A couple of theories:
* I have had it refuse to boot before, not long after I installed the SSD. I opened the hard drive cavity, and found that the SSD had come off its plug, plugged it back in, and voila! I wonder if intermittent input/output issues could be caused by it coming slightly lose. If so, maybe I could wedge something into the hard drive cavity to hold the SSD in place?

* It has been very wet and cold here recently, especially in the room where I often keep the laptop overnight, and very hot and humid over the summer. I suspect it's much more humid in China than back home. I have noticed what looks like some blue copper rust on the case screws that I don't remember seeing before we came here. Is there any chance this increased wetness could be causing intermittent hardware issues?

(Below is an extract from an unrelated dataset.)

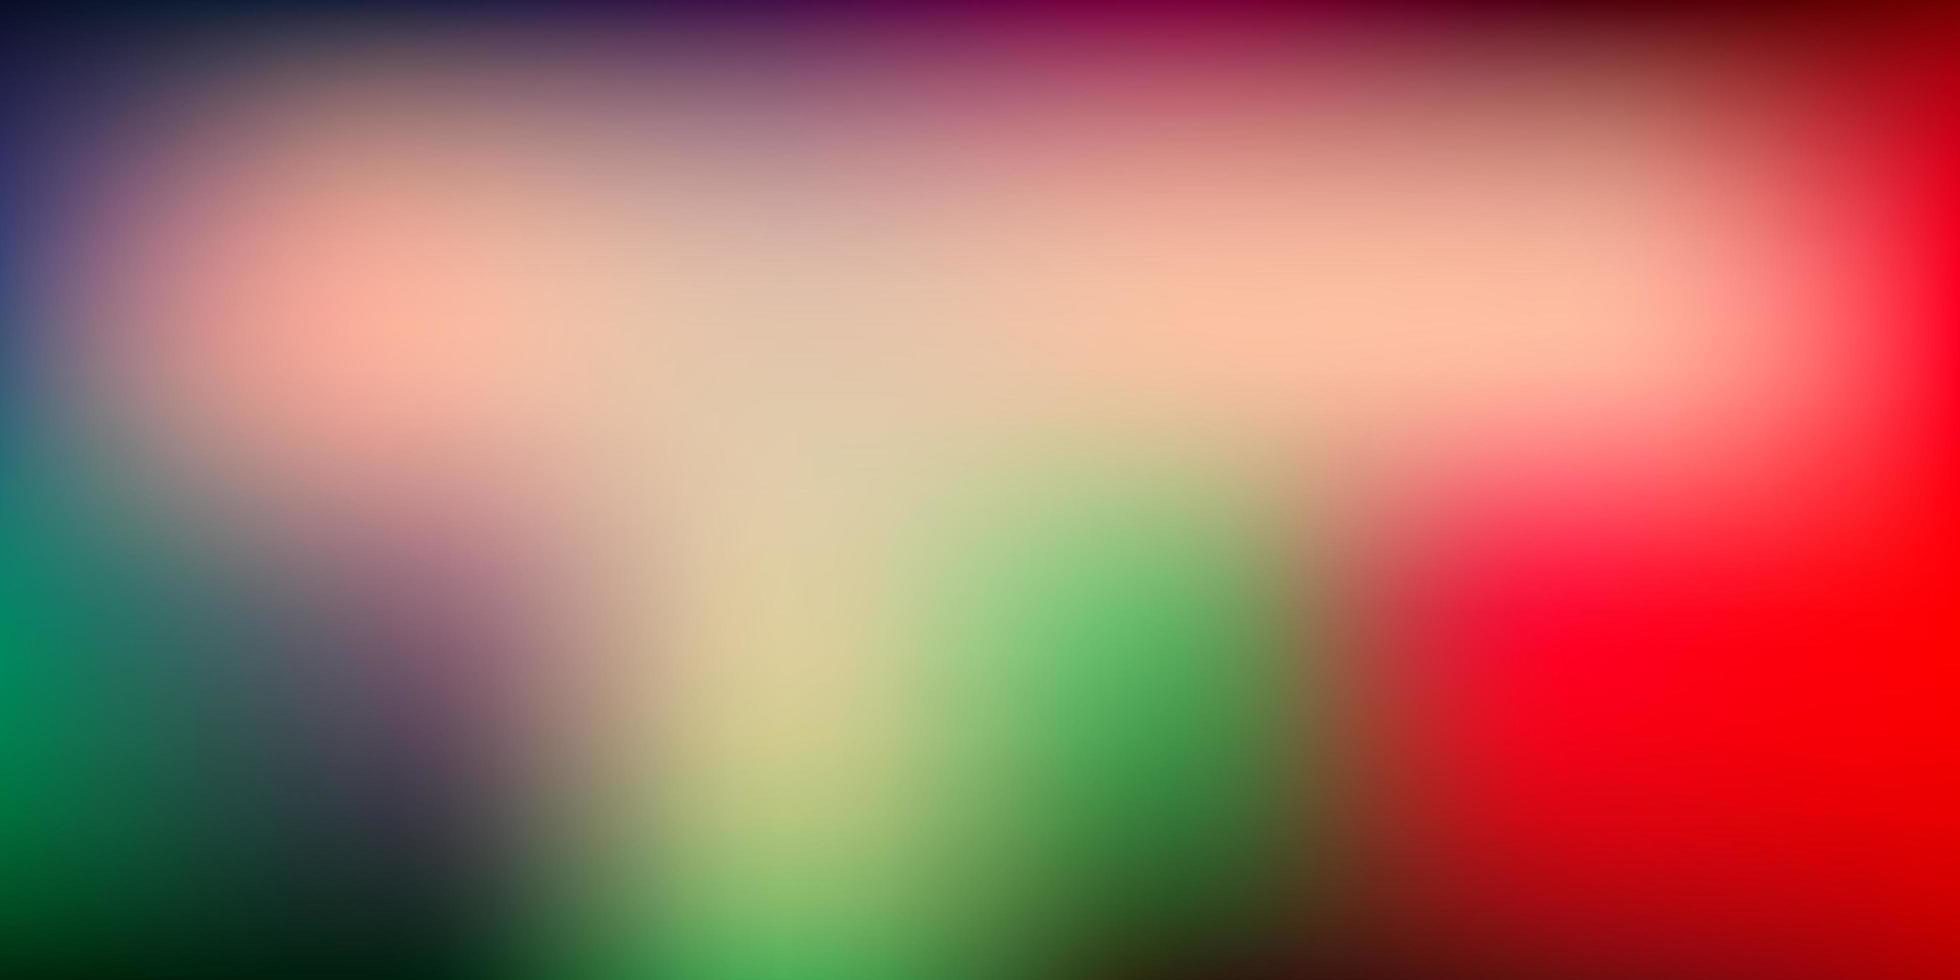 hellgrüner, roter Vektor verwischte Hintergrund.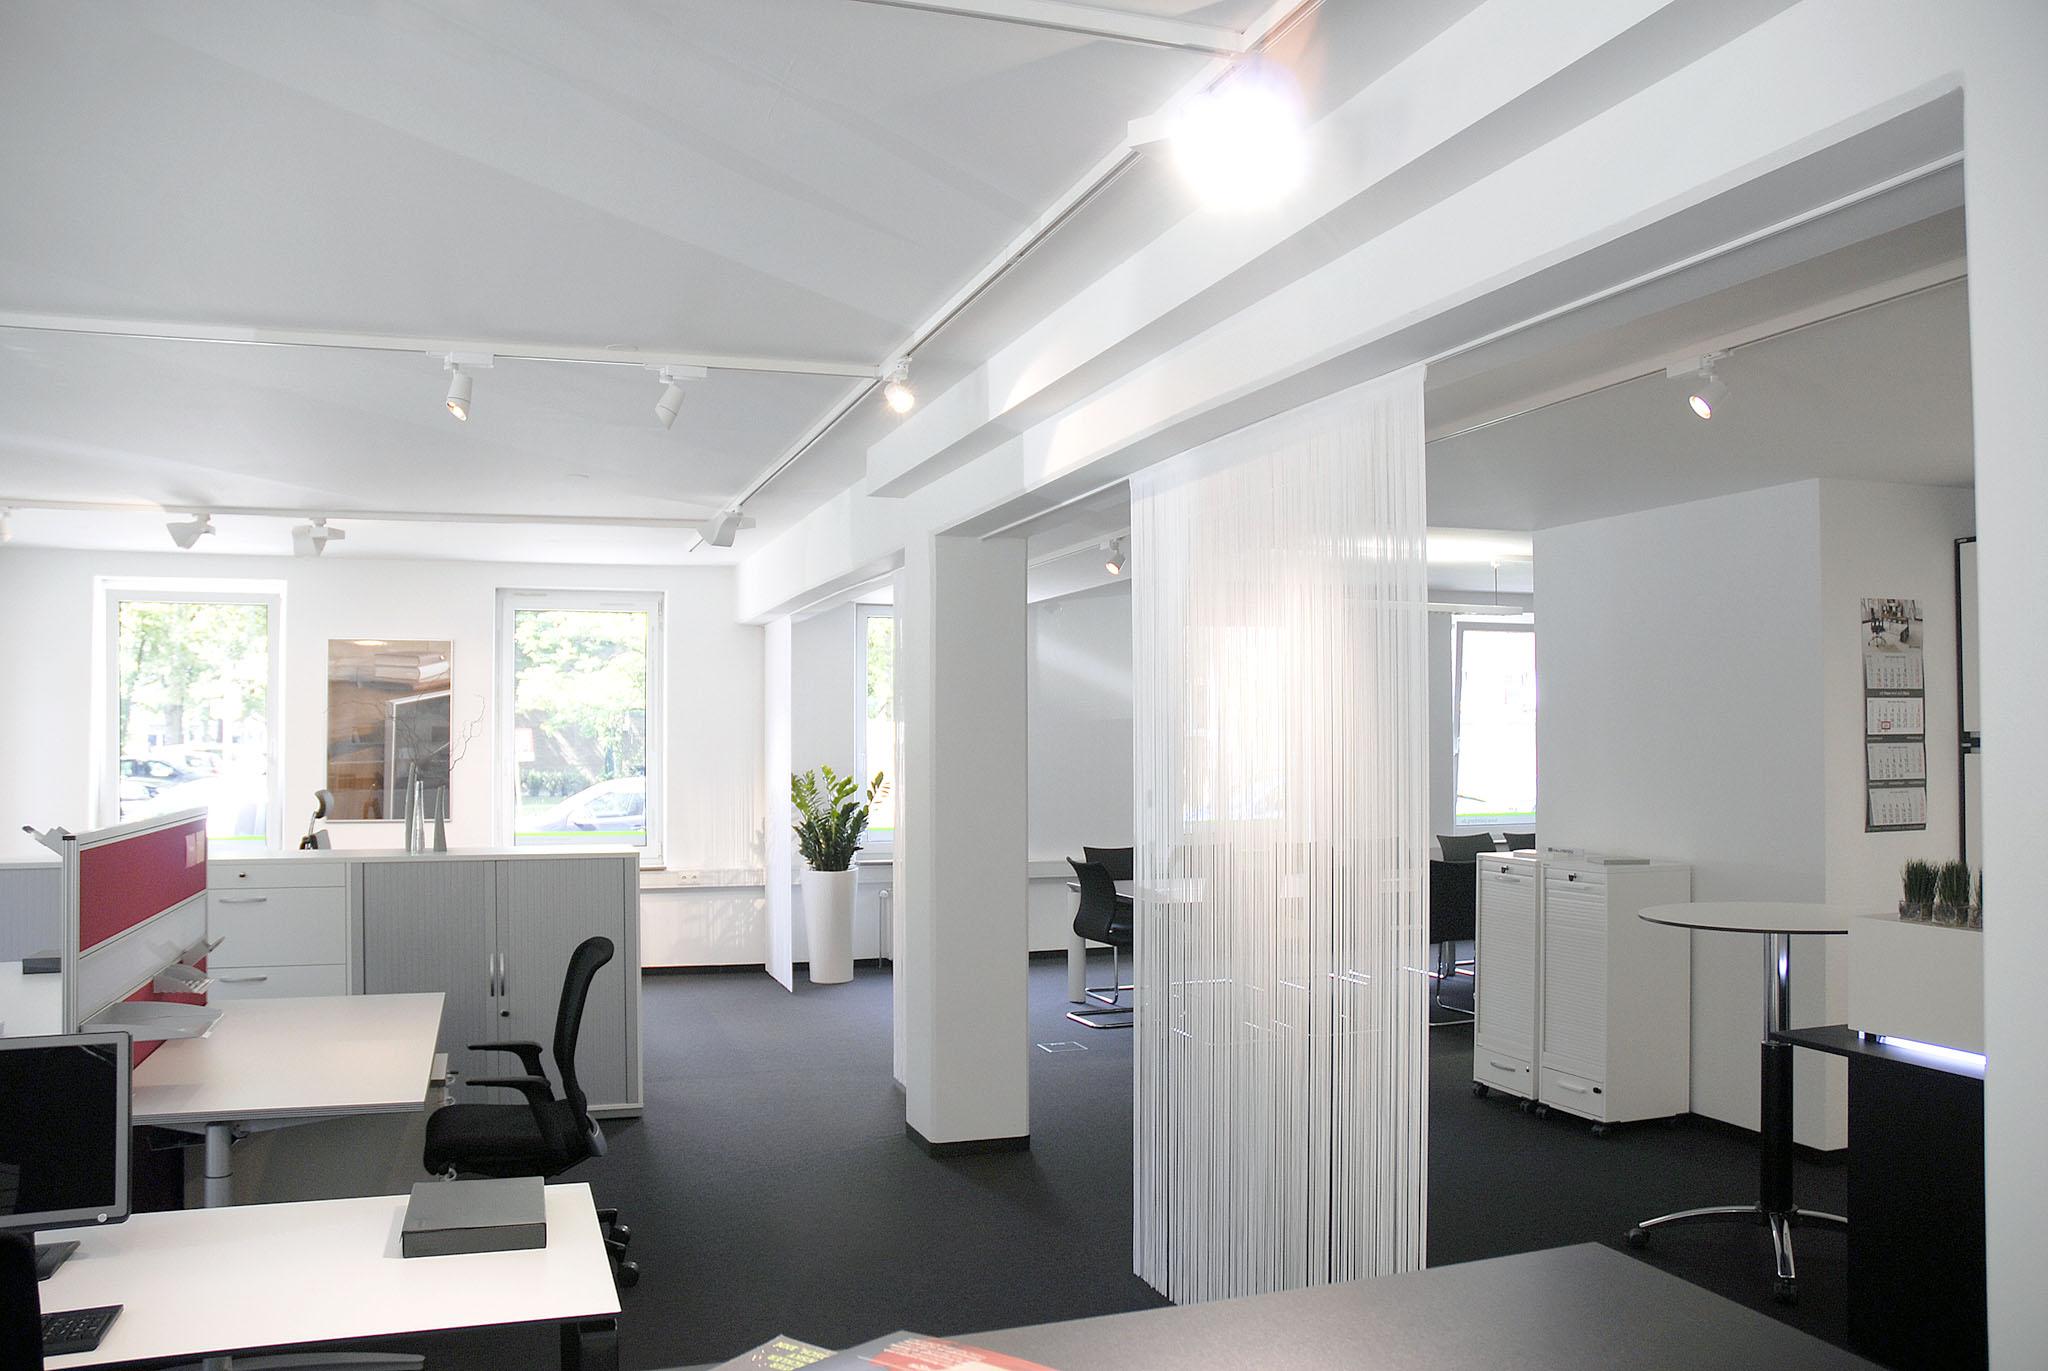 Ausstellung - Büromöbel Schandert Berlin:

Please don't suggest "buy a new computer"! I would love to, and I know I'm going to have to sooner or later (this laptop is more than 8 years old and only 32-bit). But I can't afford it right now. Also, even if I could, I still like to do everything practical to keep computer equipment in use, and out of landfill, for as long as humanly possible.

Magic Banana

I am a member!

Offline
Joined: 07/24/2010

You can check the SMART data of the disks. To do that with a graphical interface:

  1. install the "gnome-disk-utility" package, e.g. through the "Synaptic Package Manager in the "Control Center";
  2. run "Disks" from the "Control Center";
  3. click on your disk, on the left-hand side of the window;
  4. click on "SMART Data & Self-Tests..." in the "gear" menu.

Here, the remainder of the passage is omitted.